*Exercise instructions*:
Output exactly the lines below, starting with the line that has "顔認識 プライバシー 商業 イメージ" and going on through the line that has "やめる郵便番号乏しいプロフェ", both included, and no other lines.

*Task material*:

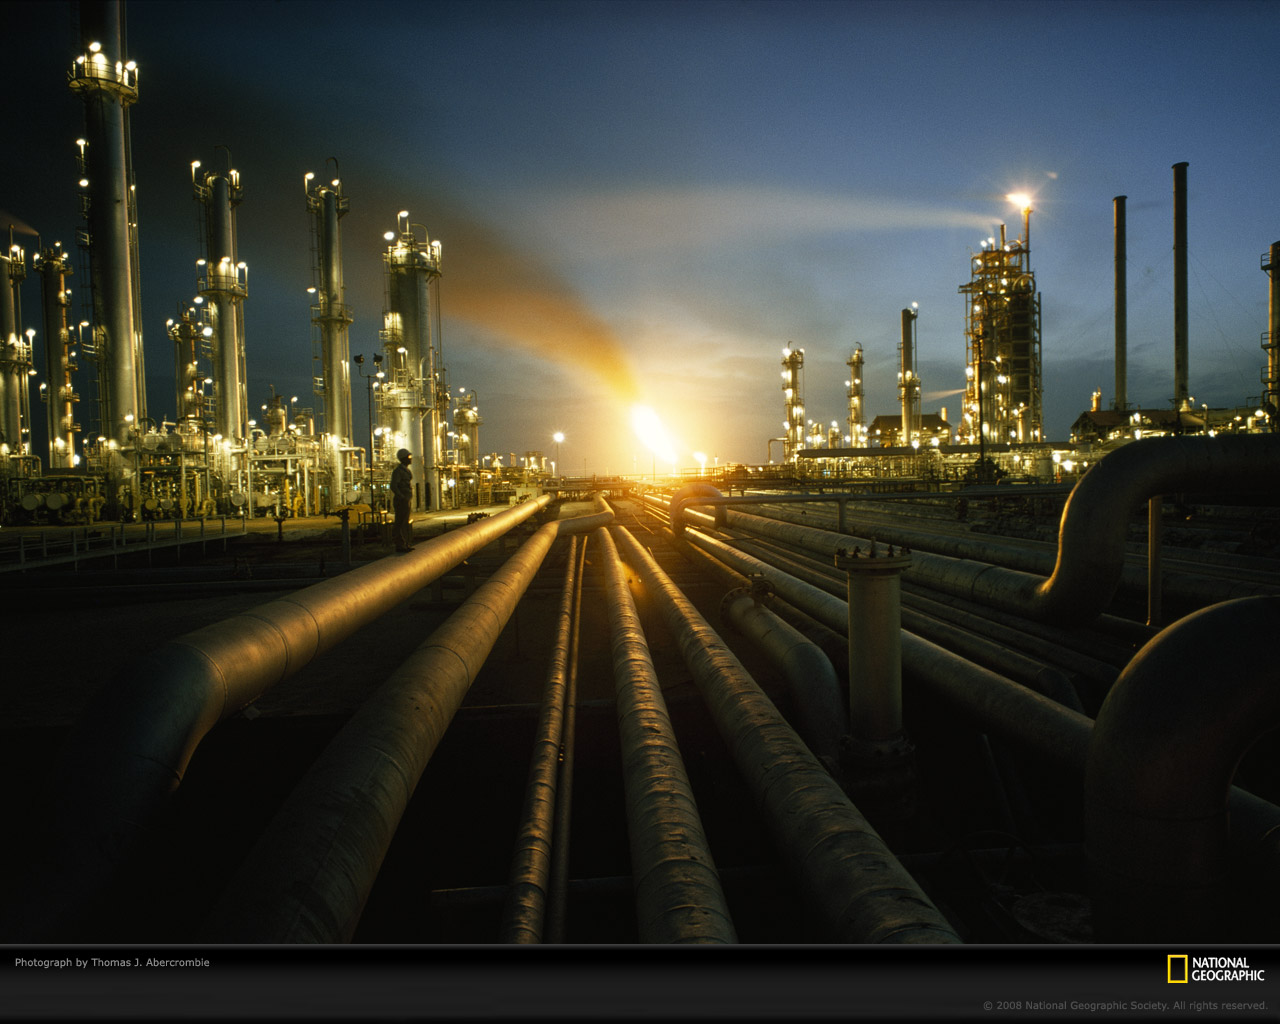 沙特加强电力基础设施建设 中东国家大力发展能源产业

--

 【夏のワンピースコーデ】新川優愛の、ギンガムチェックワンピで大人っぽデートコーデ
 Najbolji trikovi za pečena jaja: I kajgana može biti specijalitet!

--

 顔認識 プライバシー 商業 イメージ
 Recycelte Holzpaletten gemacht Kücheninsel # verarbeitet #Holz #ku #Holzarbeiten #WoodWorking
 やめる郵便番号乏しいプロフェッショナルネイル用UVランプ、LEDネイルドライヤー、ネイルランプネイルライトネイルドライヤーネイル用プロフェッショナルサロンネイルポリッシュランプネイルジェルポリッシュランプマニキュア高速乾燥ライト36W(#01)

*Output for this exercise*:
 顔認識 プライバシー 商業 イメージ
 Recycelte Holzpaletten gemacht Kücheninsel # verarbeitet #Holz #ku #Holzarbeiten #WoodWorking
 やめる郵便番号乏しいプロフェッショナルネイル用UVランプ、LEDネイルドライヤー、ネイルランプネイルライトネイルドライヤーネイル用プロフェッショナルサロンネイルポリッシュランプネイルジェルポリッシュランプマニキュア高速乾燥ライト36W(#01)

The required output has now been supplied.